Create domain local groups representative of the domain controller resources to which you want to control access, and then assign permissions on the resource to the group.


Universal groups can contain members from any domain in the forest. These include:

    Universal groups within the forest.

    Global groups within the forest.

    Users and computers within the forest.

Universal groups can be assigned permissions to resources anywhere in the forest.

Universal group membership should be relatively stable. For this reason, you should only add global or universal groups to universal groups. Avoid adding user accounts directly to universal groups.

In addition to the group scope, there are two types of groups:







A security group is one that can be used to manage rights and permissions.

  • Group members get the permissions that are granted to the group.
  • A security group represents an object with a security identifier (SID), which through the member attribute, collects other objects, such as users, computers, contacts and other groups.

  • A distribution group is used to maintain a list of users and is typically used for sending e- mails to all group members. Distribution groups cannot be used for assigning permissions.

Be aware of the following when managing groups:

The basic best practices for user and group security are:

o Create groups based on user access needs.

o Assign user accounts to the appropriate groups.
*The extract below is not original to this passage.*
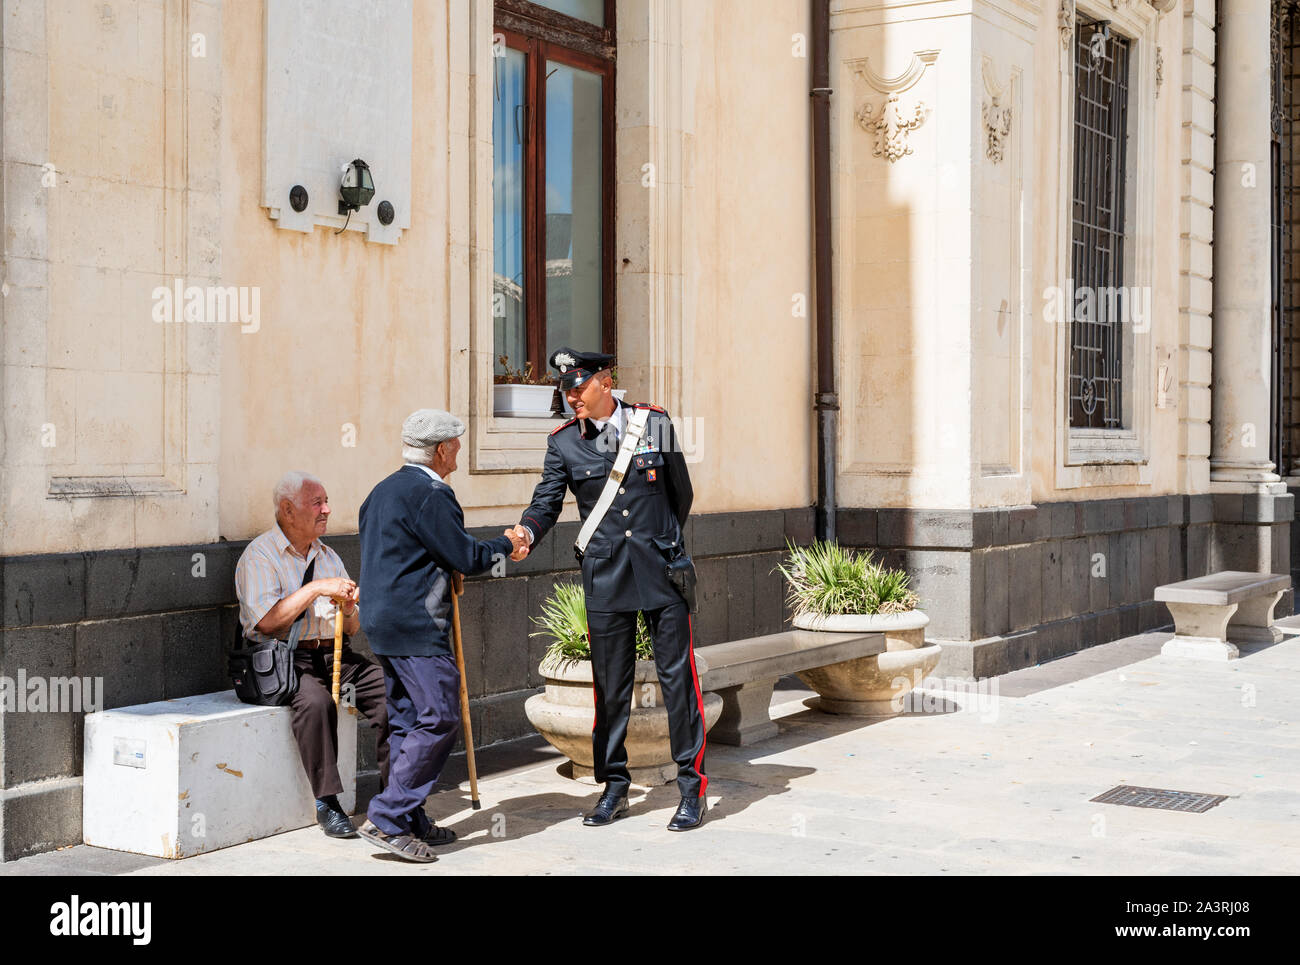 Syrakus Sizilien/Italien - 04 Oktober 2019: Carabinieri mit zwei ältere Menschen in der Stadt diskutieren Stockfoto

o Assign permissions to each group based on the resource needs of the users in the group and the security needs of your network.

After creating a group, you may need to convert the group’s scope and/or type.

Converting a security group to a distribution group removes permissions assigned to the group. This could prevent or allow unwanted access.

   o You cannot directly convert a group from global to domain local or domain local to global. Instead, convert the group to a universal group and apply the changes, then convert the group to the desired scope.

If a global group is nested in another global group, the nested global group cannot be converted to a universal group because a universal group cannot be a member of a global group.

To add or remove members of a group, use one of the following methods:

On the group object, edit the Members tab and add the group members. Use this method to efficiently add multiple members to the same group.

o On the user account, edit the Members Of tab and select the group to which you want to add the user. The Member Of tab displays all of groups to which the object is a member. Use this method to efficiently add a single user to multiple groups.

Because a group can be a member of another group, a group object also has a Member Of tab. Adding objects to the Member Of tab for a group makes the group a member of another group (it does not add members to the group).

    When you delete a group, all information about the group (including any permissions assigned to the group) is deleted. User accounts, however, are not deleted. They are simply no longer associated with the group. If you delete the group, use one of the following strategies to recover it:

Re-create the group, add all the original group members, and reassign any permissions granted to the group.

   o Restore the group from a recent backup.